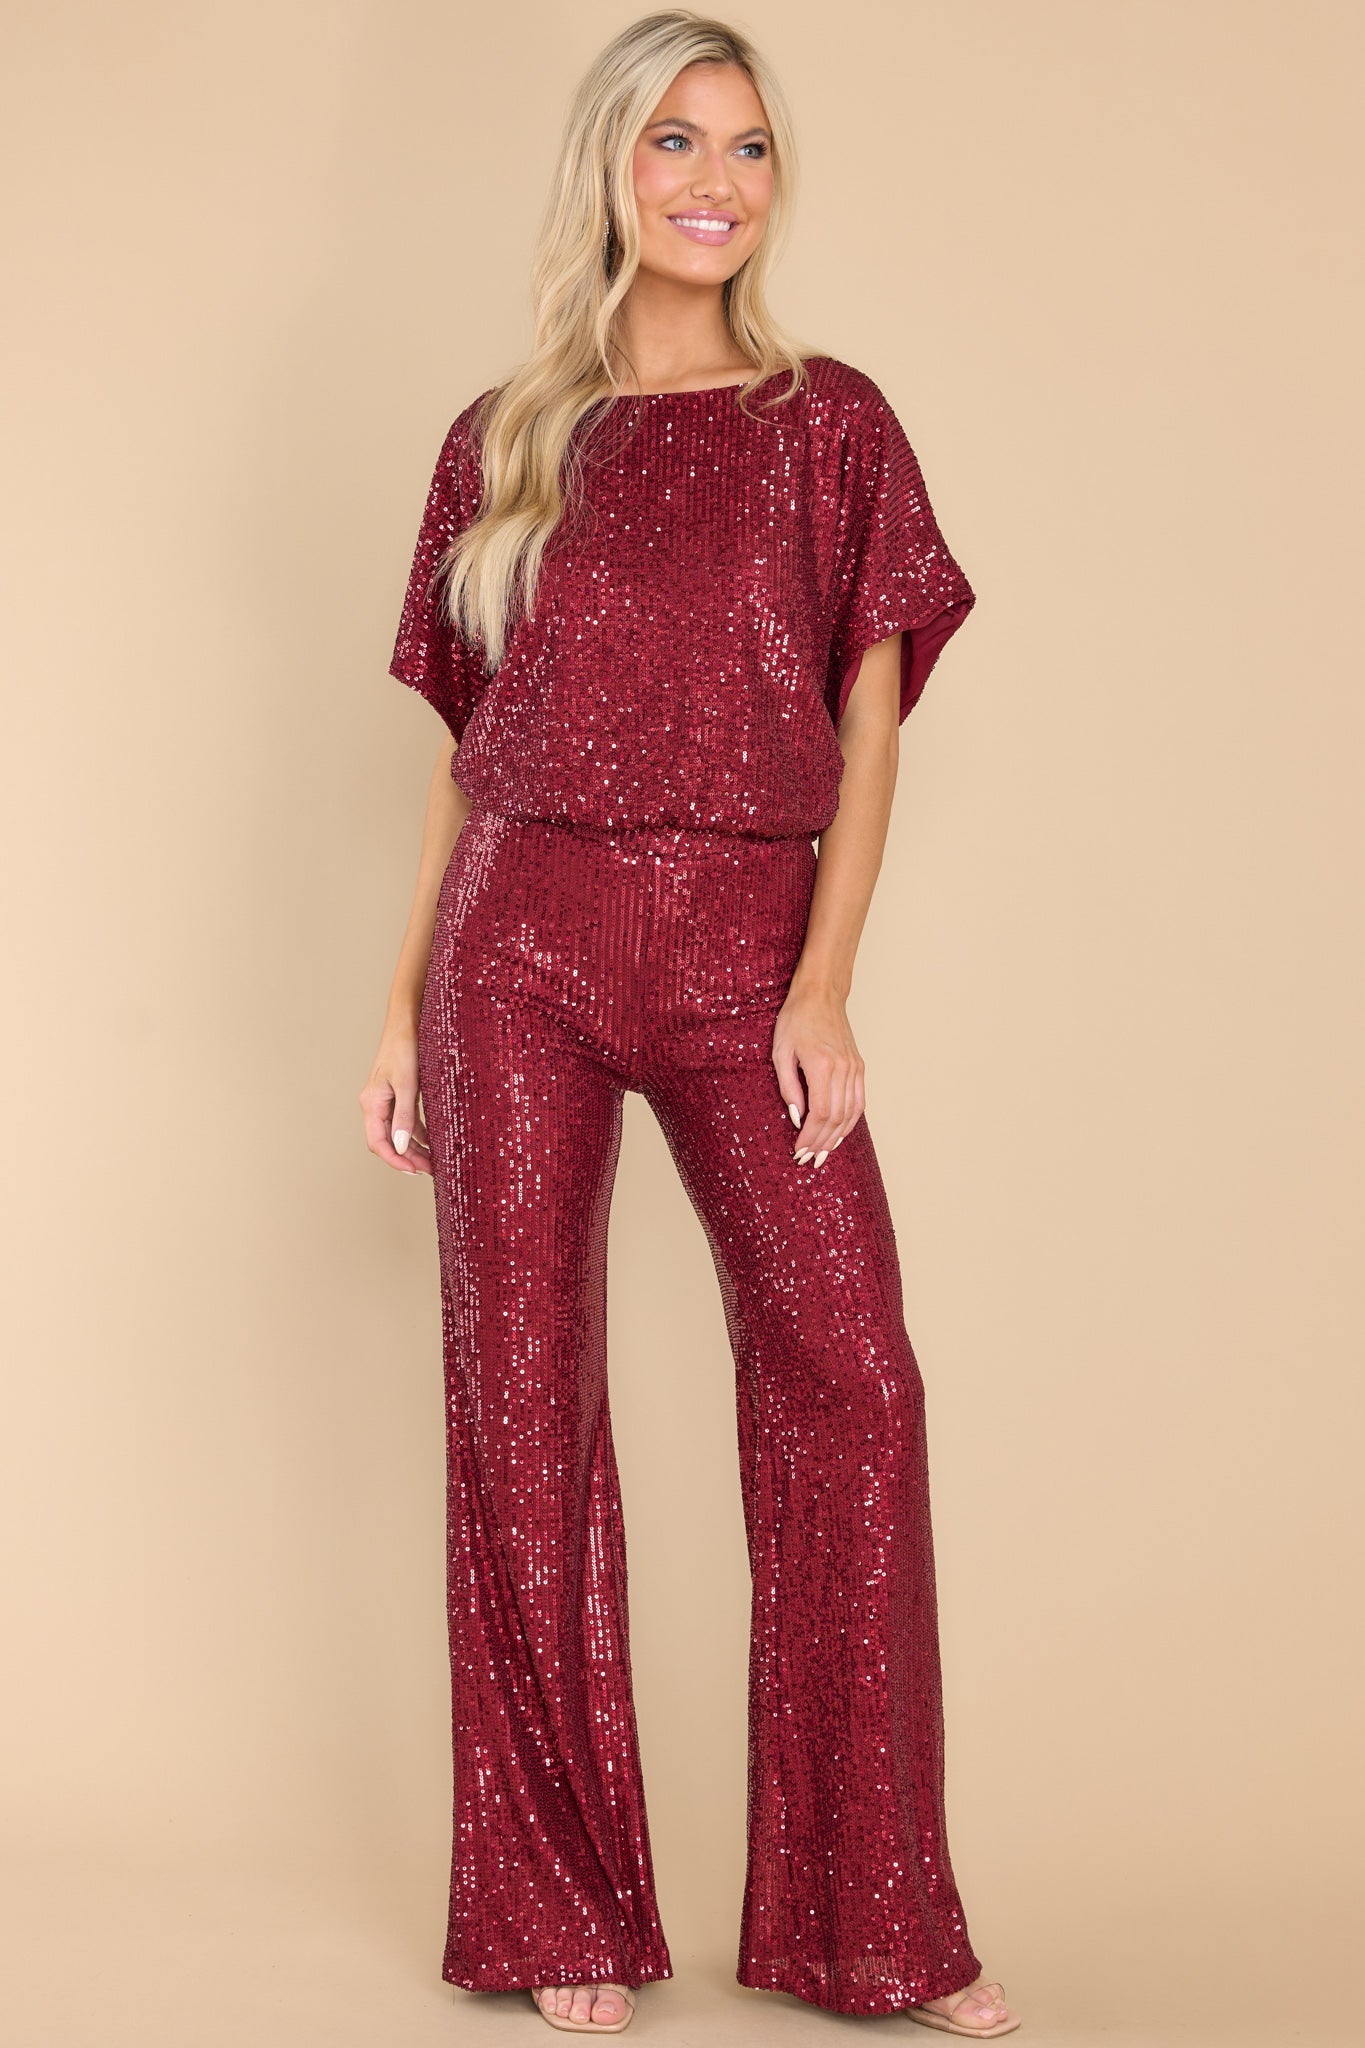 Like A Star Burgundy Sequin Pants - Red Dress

──────

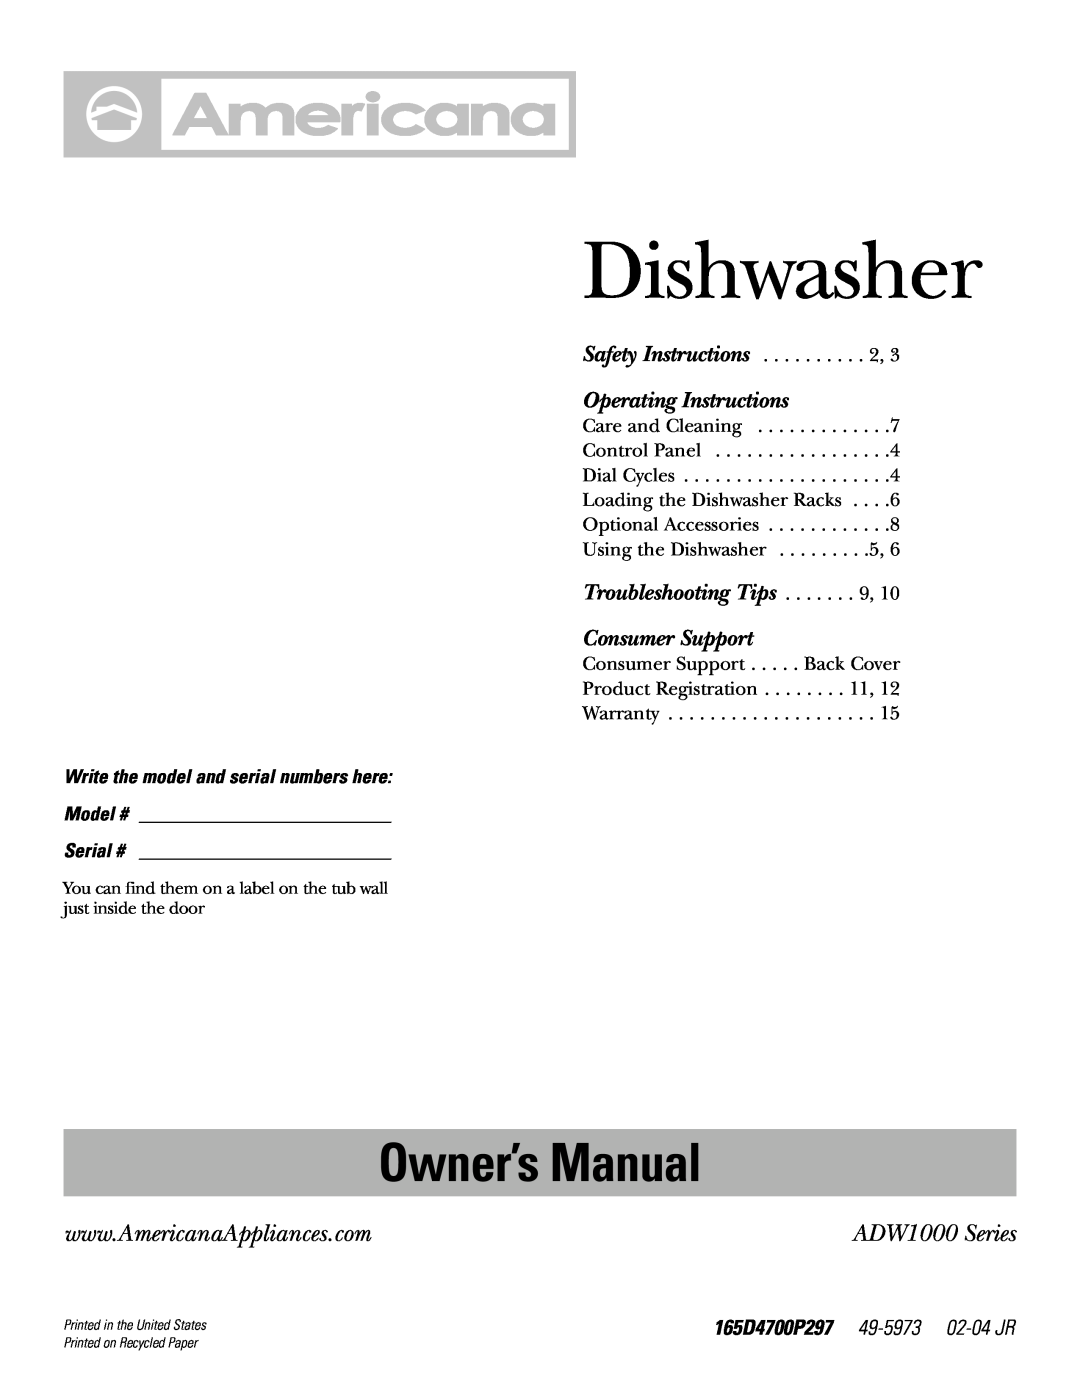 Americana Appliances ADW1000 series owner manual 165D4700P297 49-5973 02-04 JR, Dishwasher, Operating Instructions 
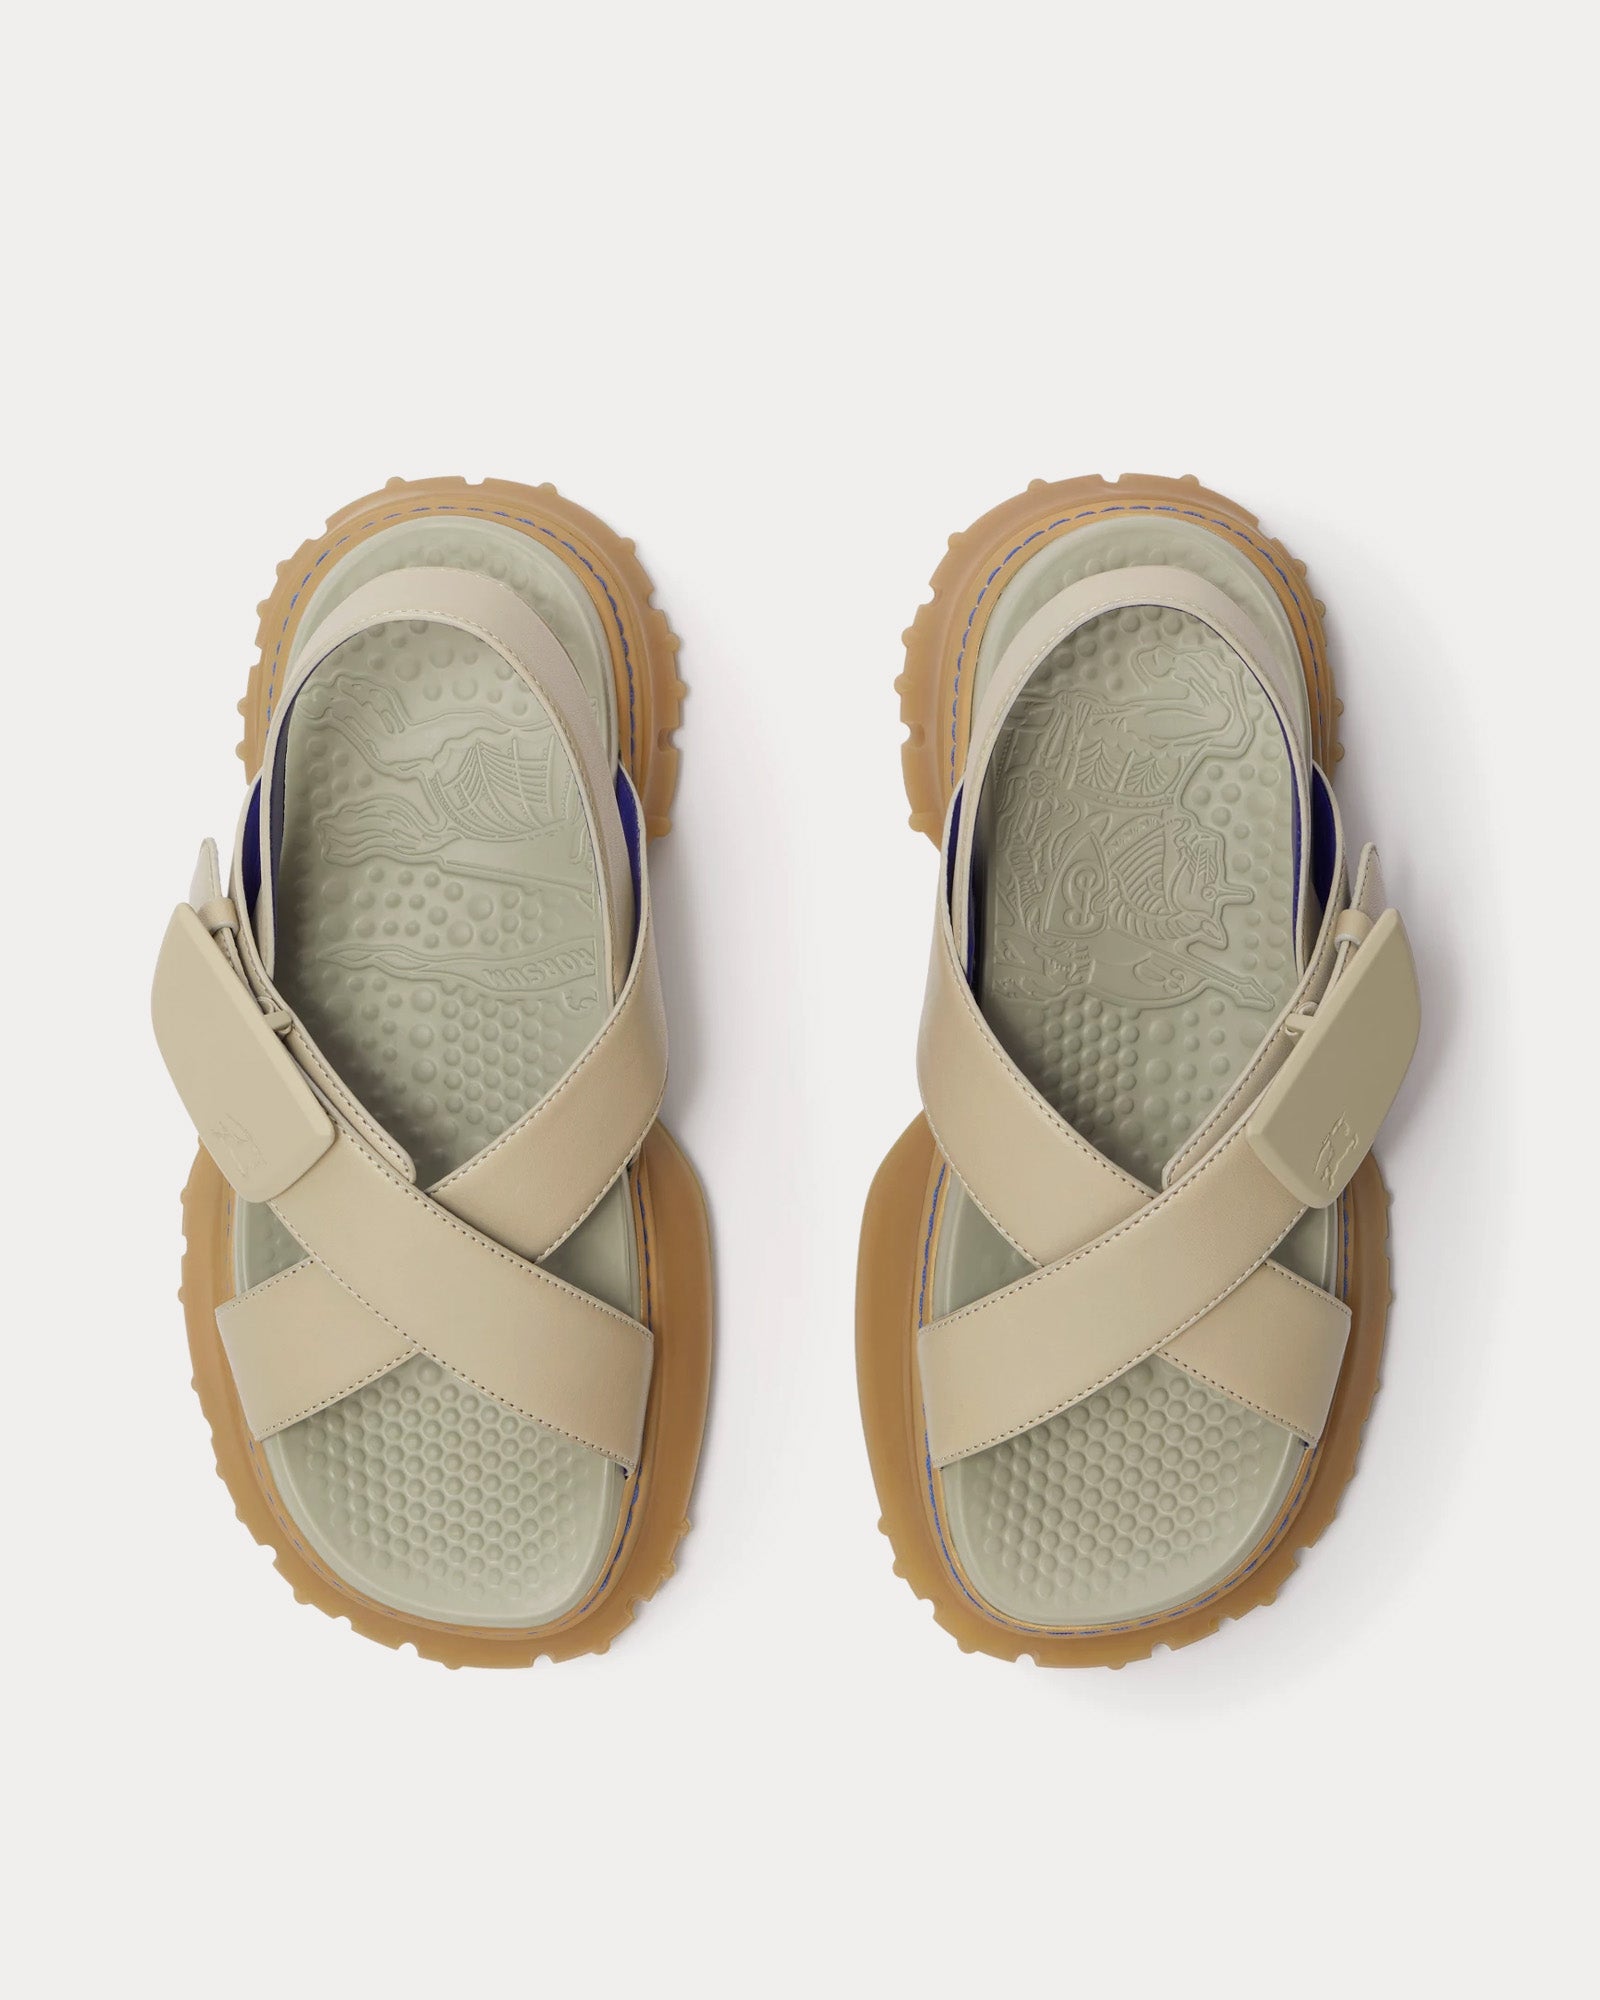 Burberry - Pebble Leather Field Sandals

──────

BRIEF:
Above this task is a listing with pictures in it. Retype only the lines from the one containing "Americana Appliances ADW1000" through the one containing "Burberry - Pebble Leather Field Sandals", both included, and not the pictures.

RESULT OF THE TASK:
 Americana Appliances ADW1000 series owner manual 165D4700P297 49-5973 02-04 JR, Dishwasher, Operating Instructions 
 Burberry - Pebble Leather Field Sandals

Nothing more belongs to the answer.